In the code chunk below, create a new variable
IL6.difference which equals IL6.after.Yoga
minus IL6.after.Movement in the yoga dataset.
In addition, summarize the three variables (IL6.after.Yoga,
IL6.after.Movement, and IL6.difference) using
the inspect() and select() functions.
# Enter code here
yoga <- yoga %>%
dplyr::mutate(IL6_difference = IL6_Yoga - IL6_Movement)

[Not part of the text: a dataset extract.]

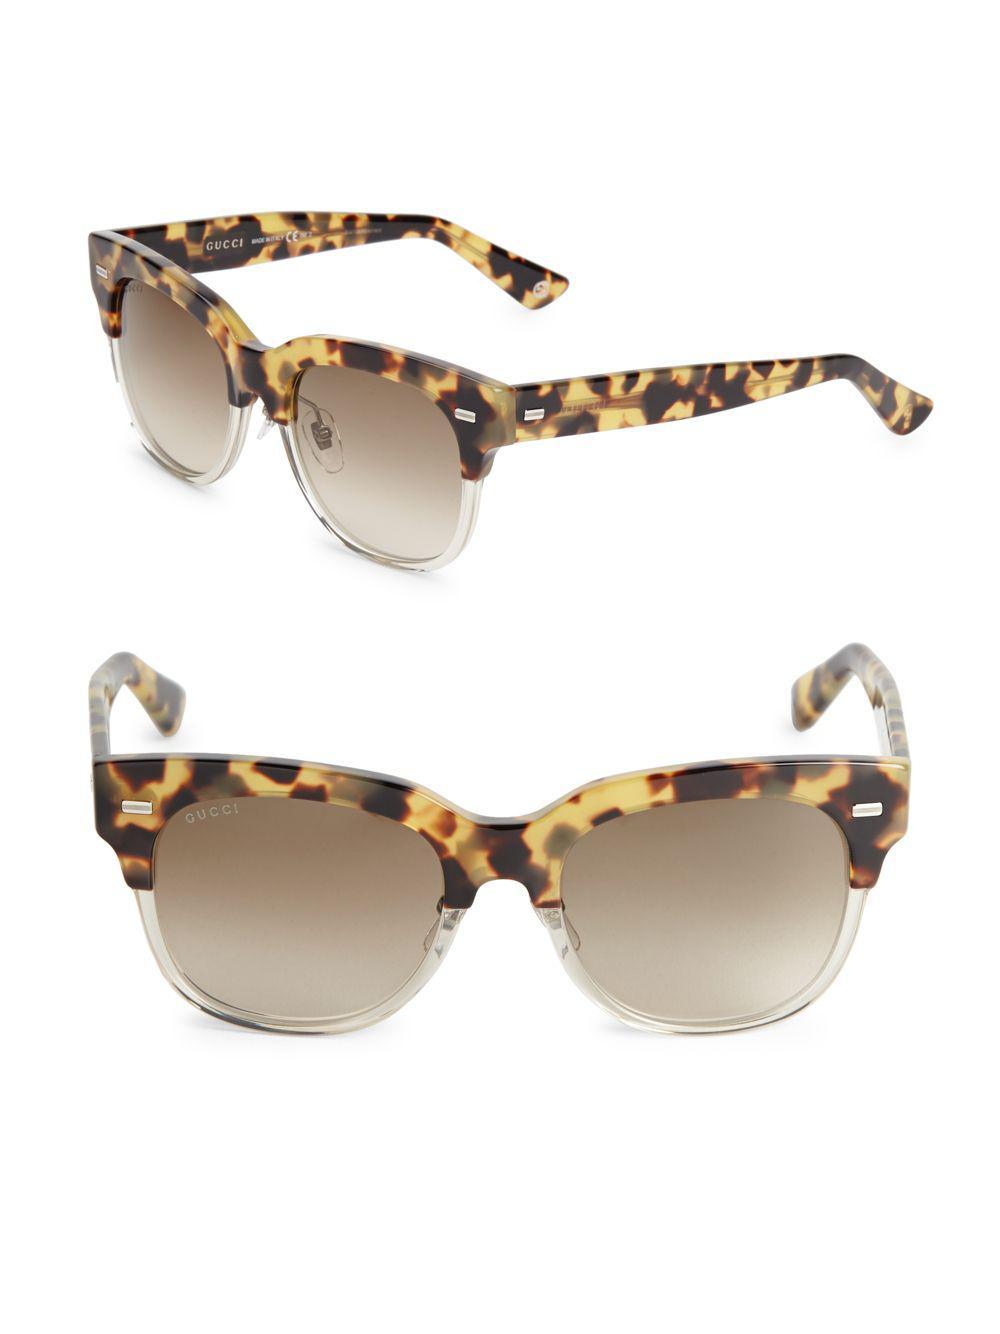 b7bb6ecf364 Lyst - Gucci 52mm Wayfarer Leopard Sunglasses in Brown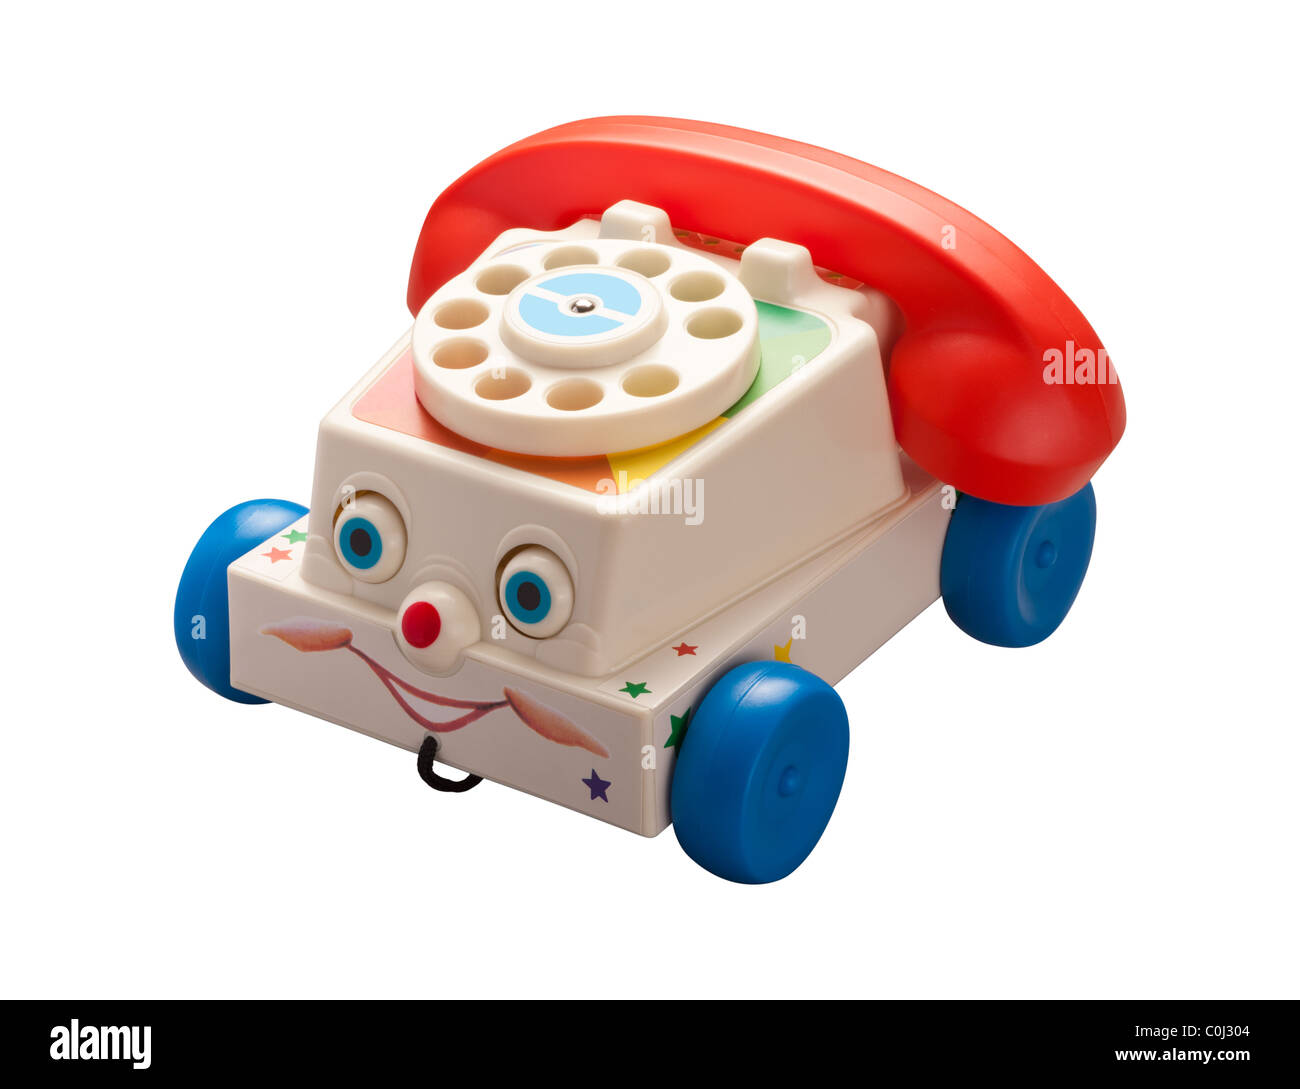 Teléfono de Juguete antiguo aislado sobre un fondo blanco. Imagen De Stock

inspect(yoga %>% dplyr::select(IL6_Yoga, IL6_Movement, IL6_difference))
##
## quantitative variables:
## name class min Q1 median Q3
## 1 IL6_Yoga numeric 0.339 0.98050 1.9410 3.55200
## 2 IL6_Movement numeric 0.292 1.11400 1.5865 2.87850
## 3 IL6_difference numeric -5.970 -1.00775 -0.1390 1.31475
## max mean sd n missing
## 1 8.097 2.44988 1.866505 50 0
## 2 6.703 2.21982 1.582499 50 0
## 3 6.413 0.23006 2.272045 50 0
Perform a two-sided one-sample t-test comparing the mean of
IL6.difference to zero. See lab 5 for help.
# Enter code here
t.test(yoga$IL6_difference, mu = 0)
##
## One Sample t-test
##
## data: yoga$IL6_difference
## t = 0.71599, df = 49, p-value = 0.4774
## alternative hypothesis: true mean is not equal to 0
## 95 percent confidence interval:
## -0.415648 0.875768
## sample estimates:
## mean of x
## 0.23006
Finally, look at the distribution of each of the IL-6 measurements
(IL6.after.Yoga and IL6.after.Movement) and
also the distribution of the difference (IL6.difference)
using histograms. Here, for the gf_histogram() function,
specify the parameter bins=8 for all the
three histograms. See labs 4 and 5 for how to generate histograms.
# Enter code here
gf_histogram(~ IL6_Yoga, data = yoga, bins = 8)
gf_histogram(~ IL6_Movement, data = yoga, bins = 8)
gf_histogram(~ IL6_difference, data = yoga, bins = 8)
The last measurement you will look at is the variable that records whether or not a subject got at least 8 hours of sleep the night after the session.
We would like to compare the proportion of people who got 8 hours of sleep after the yoga session to the proportion of people who got 8 hours of sleep after the movement session. But it was the same group of people measured both times. So again we have paired data.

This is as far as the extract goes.